At the moment, nations are scrambling to replace the fuel deliveries disrupted by the war, giving a boost to suppliers in the U.S. and Australia in particular. But the long-term outlook for the fossil fuel industry has become more uncertain.
The research firm Wood MacKenzie wrote in a report this week that if the disruption persists, it “could accelerate a structural shift in global energy systems,” leading countries to cut their consumption of imported oil and gas to half of current levels by 2050 — a steep drop compared with the firm’s prewar “baseline” forecast. The report notes that such a shift would do little to slow climate change, as it includes an expansion of planet-warming coal generation.
(note: the other day I posted some evidence that this might not be the case – Peter)
he ceasefire the United States and Iran announced this week is unlikely to ease the anxieties of Asian and European countries that have been rattled by the energy crunch. Even if a lasting peace deal is reached, supply chains have been badly damaged and risks of future disruptions remain acute. Fuel deliveries will be constrained for months to come, even under the most rosy scenarios.
That has left nations determined to insulate themselves from future military conflicts or countries that wield their exports as an economic weapon, like the United States.
For American producers, the timing is awkward.
While existing LNG export terminals are running near full capacity, largely insulated by long-term contracts, the next wave of projects depends heavily on demand growth in precisely the countries that are reconsidering their commitment.
In some cases, Asian governments are intervening directly, forcing reductions in energy use to preserve limited supplies, and working to fast-track clean energy projects.
In the Philippines, officials are rushing to bring more than a gigawatt of solar capacity online within weeks while advancing a massive solar-and-battery installation designed to reduce reliance on gas-fired power. Vietnam has signed a deal to develop a new nuclear power plant, reviving a program it had abandoned years ago, while expanding offshore wind. Indonesia is accelerating a major hydropower project to power its industrial sector. It is also exploring small modular nuclear reactors as an alternative to gas plants.

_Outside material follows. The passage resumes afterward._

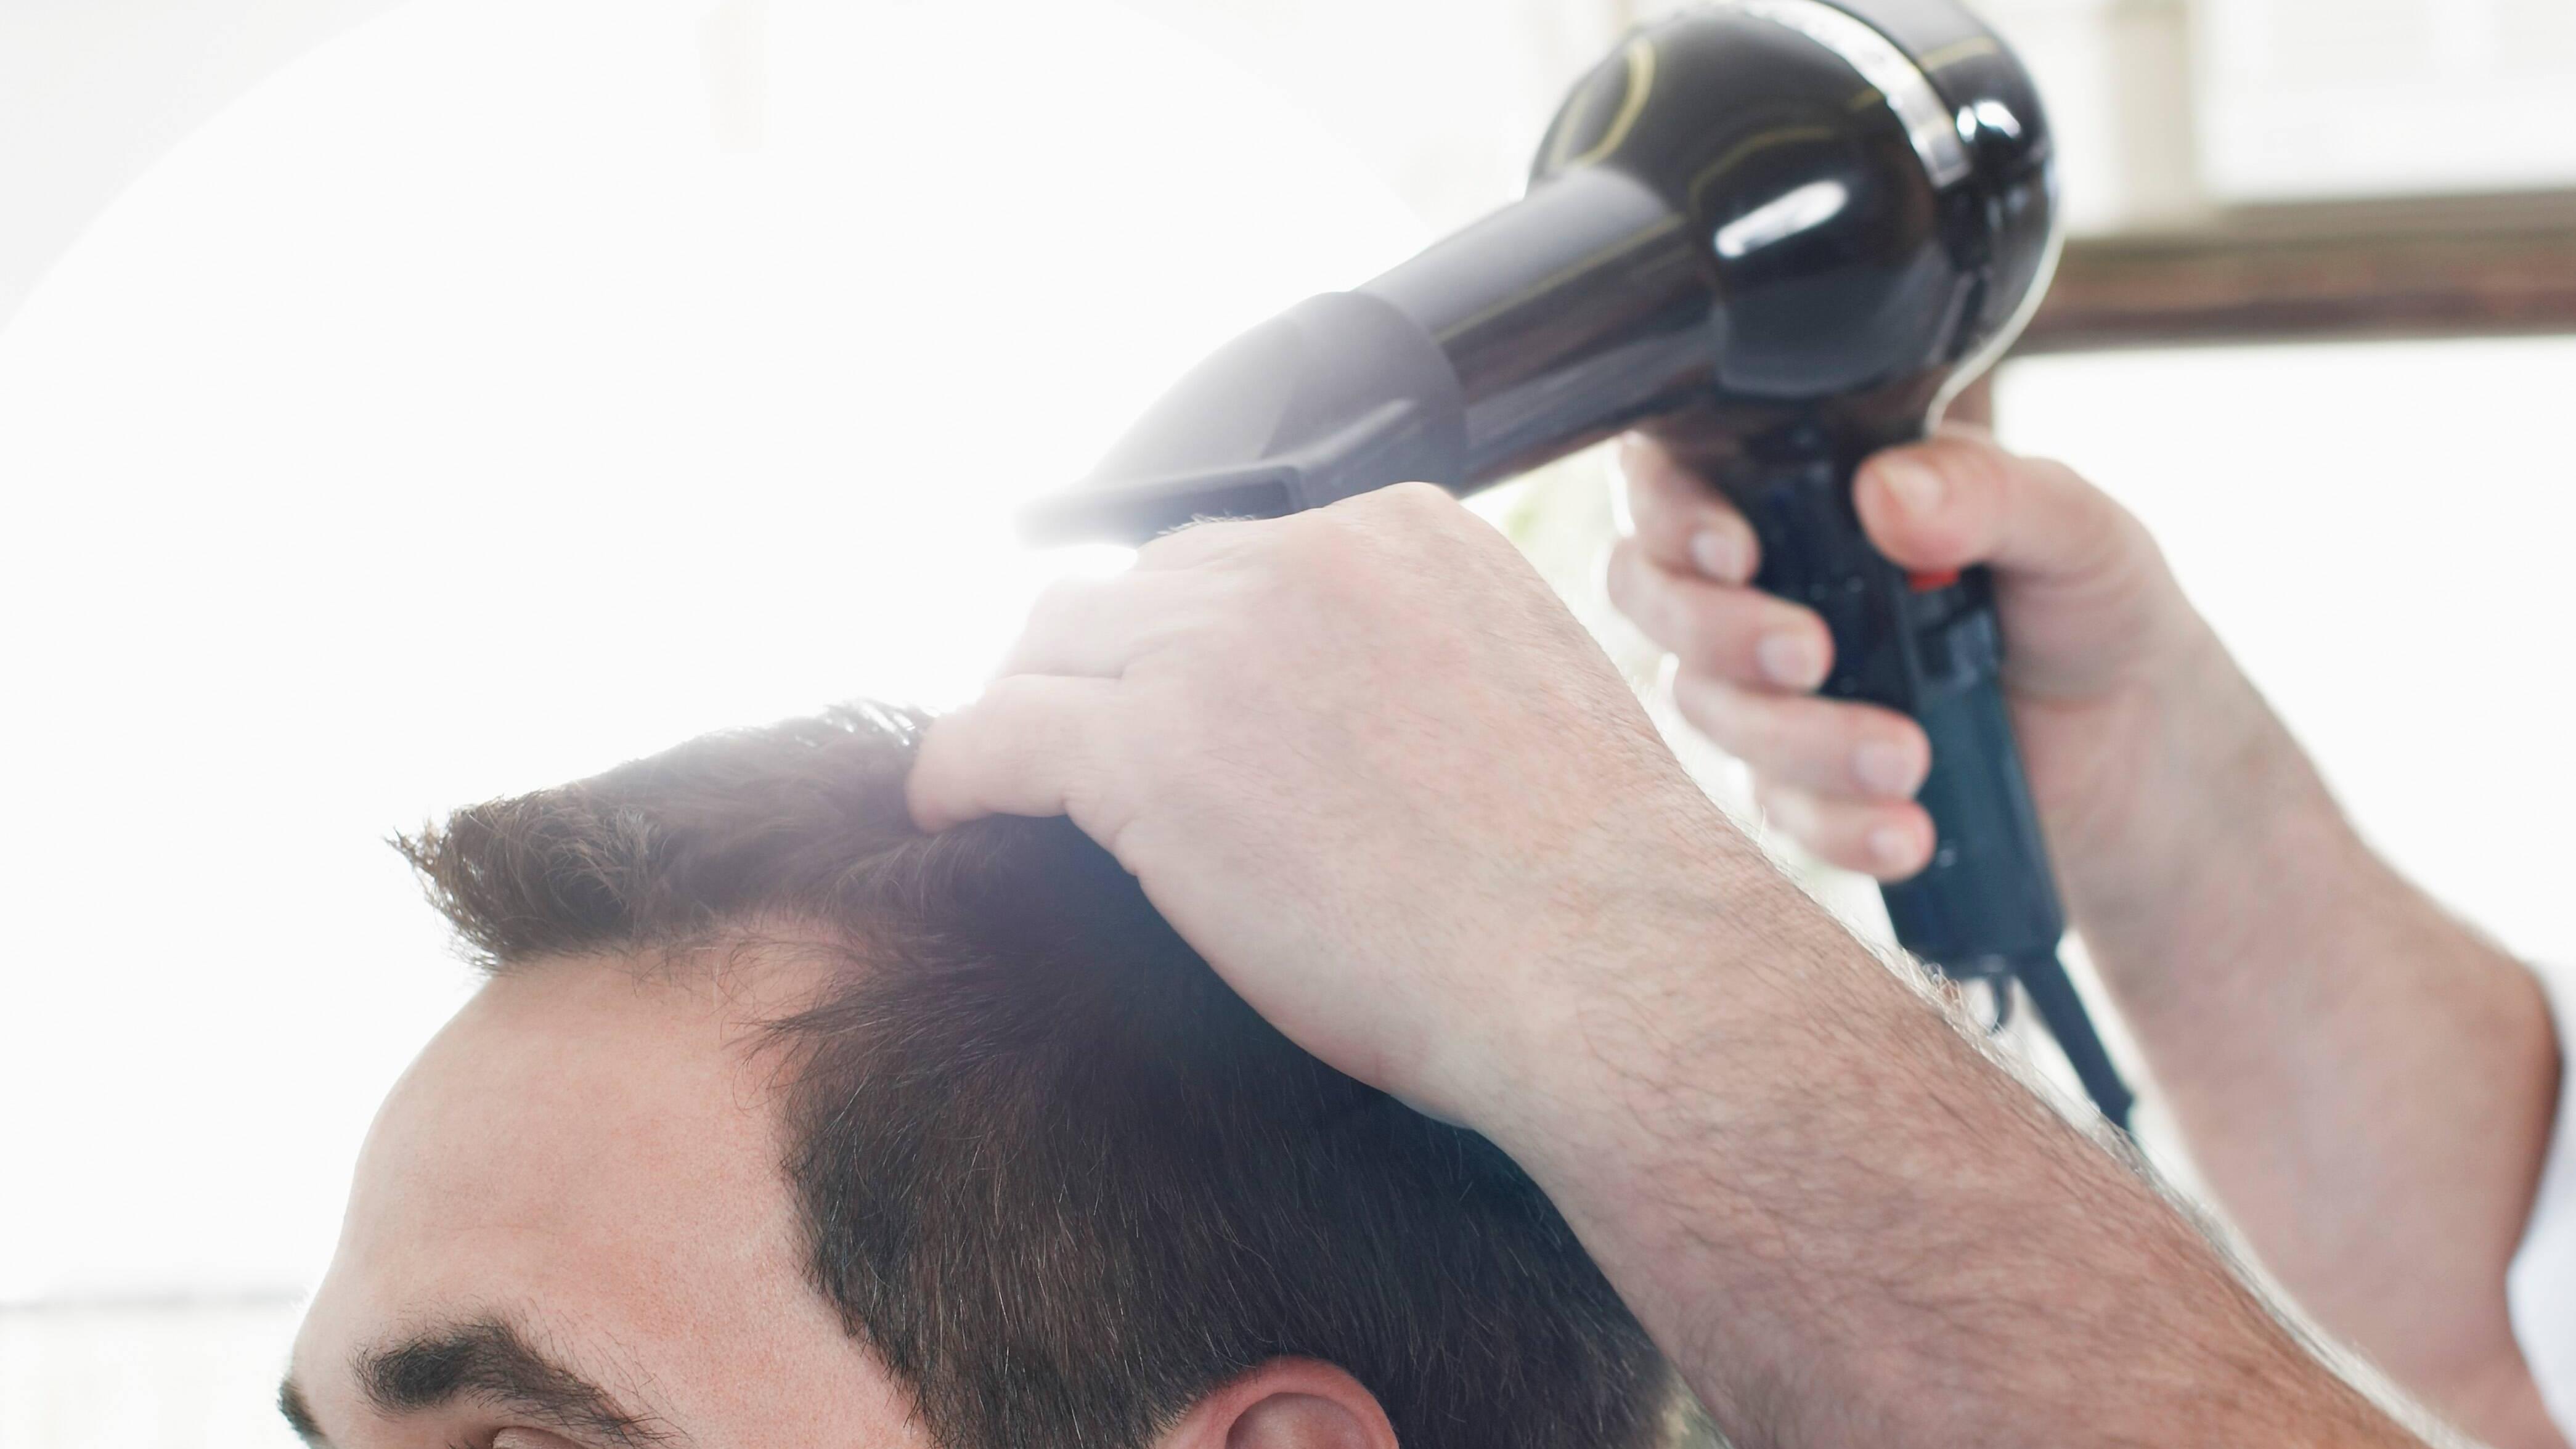 Männer sollten bei der Haarpflege auf milde Produkte setzen.

Individually, none of these moves would be enough to displace large volumes of imported energy. Taken together, they point to a broader shift that could erode one of the central assumptions underpinning fossil fuel export growth by the U.S. and other oil- and gas-rich nations.

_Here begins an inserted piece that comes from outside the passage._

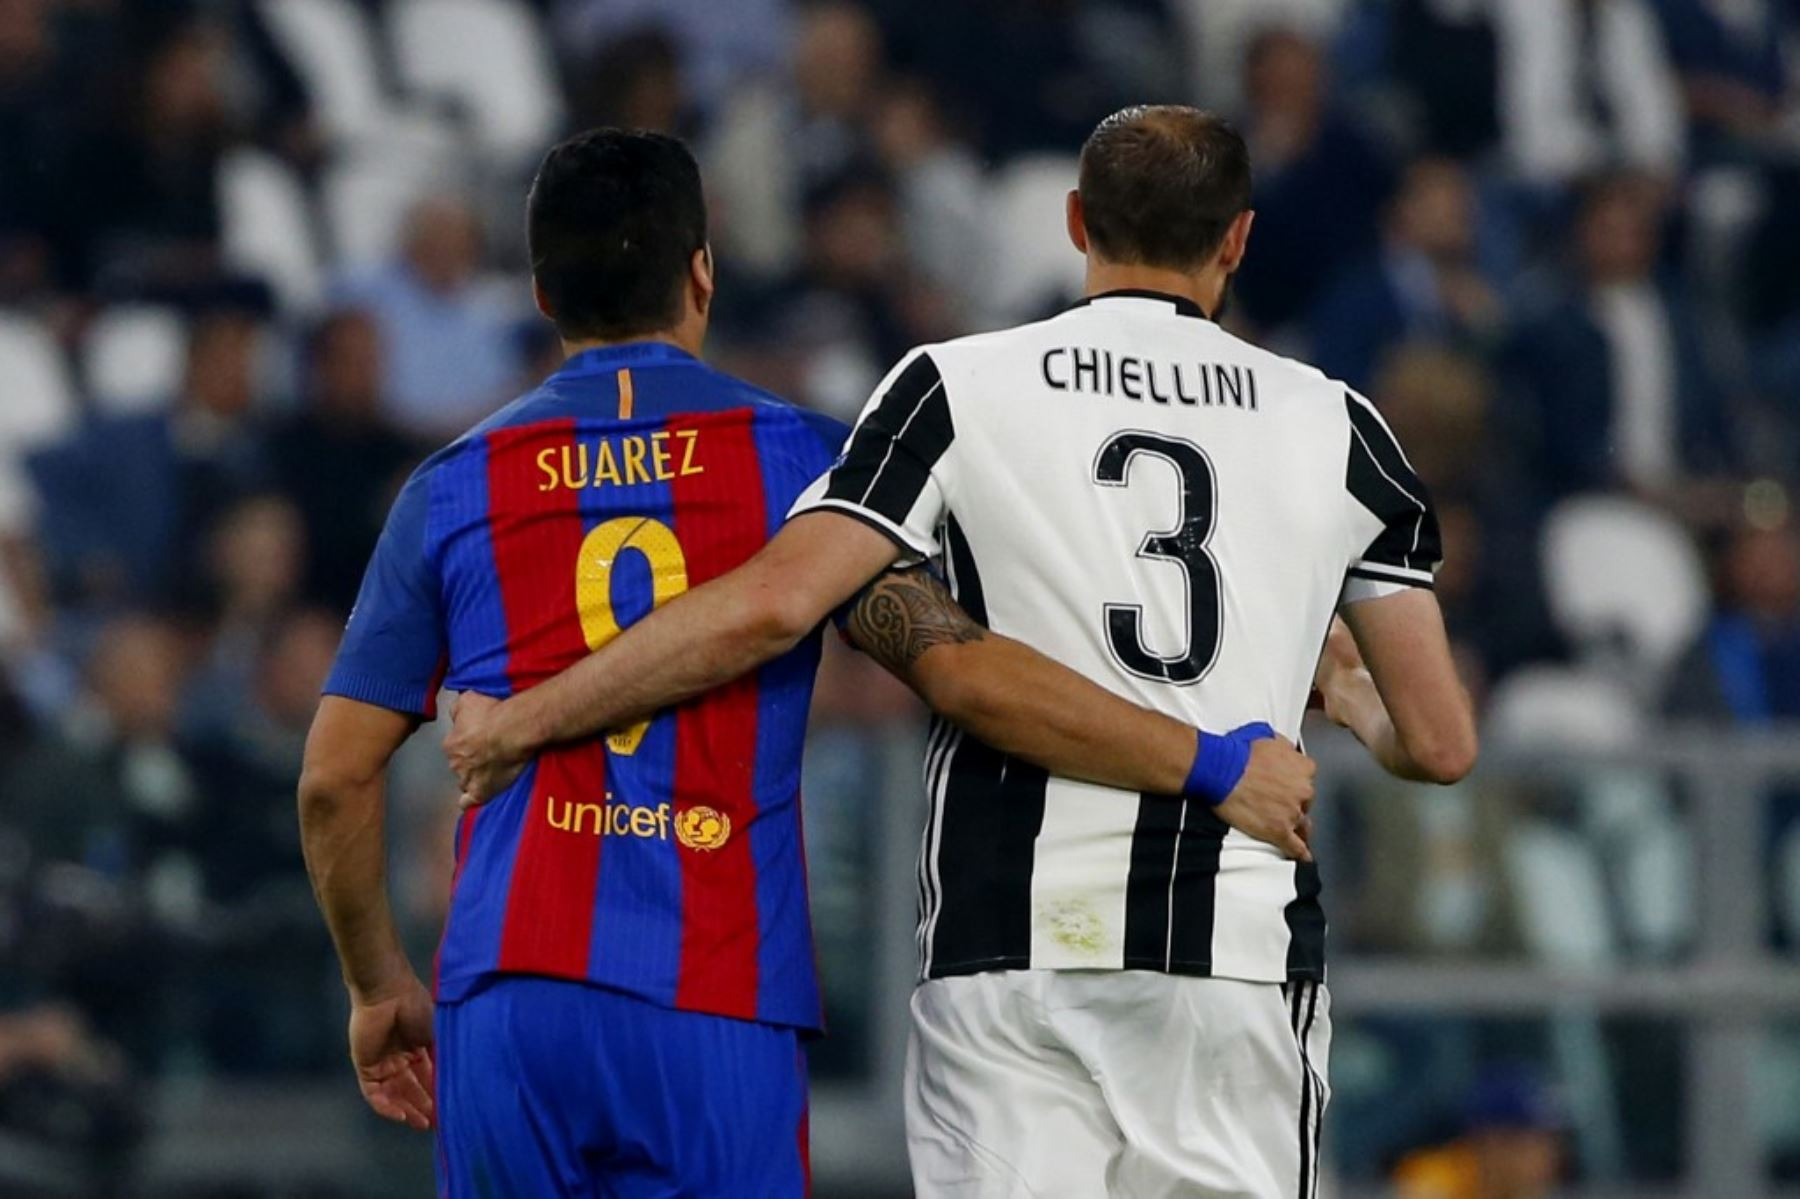 Giorgio Chiellini, defensa del Juventus Turín, disculpó y hasta elogió al uruguayo Luis Suárez por el mordisco

“It is unequivocally clear that the sales pitch for LNG as a reliable, affordable fuel is quickly evaporating” said Sam Reynolds, a research lead at the nonprofit Institute for Energy Economics and Financial Analysis. “The rug has been pulled out completely from under the industry narrative.”
Jigar Shah on Open Circuit Podcast, March 13, 2026:
I don’t think they really understand that the amount of money that you have to spend to switch from coal to natural gas is really backbreaking amounts of money. It is not something that anyone should do lightly. It’s a 50-year investment. It is now telling everybody to skip that step, right? And so all of these countries from China to the 50 oil importing countries are saying, wait, we don’t actually want to use natural gas. We’ll use it at the port, right? So we have an LNG import terminal, we’ll import LNG there, we’ll have a power plant there and we’ll maybe even put our industry there, right? But we’re no longer going to build out thousands of miles of natural gas pipelines to be able to switch people to natural gas in country, right? Because it’s so expensive.
And if you’re going to have this kind of supply disruption and the US just doesn’t care about protecting any of these shipping lanes, then why would we do that when it’s actually expensive, right? The landed cost of LNG is not cheap and we could just skip all the way to solar and battery storage, and the Chinese are obviously exporting that stuff to those 50 countries. And so I do think that this is going to hurt the entire story around the coal to LNG switch.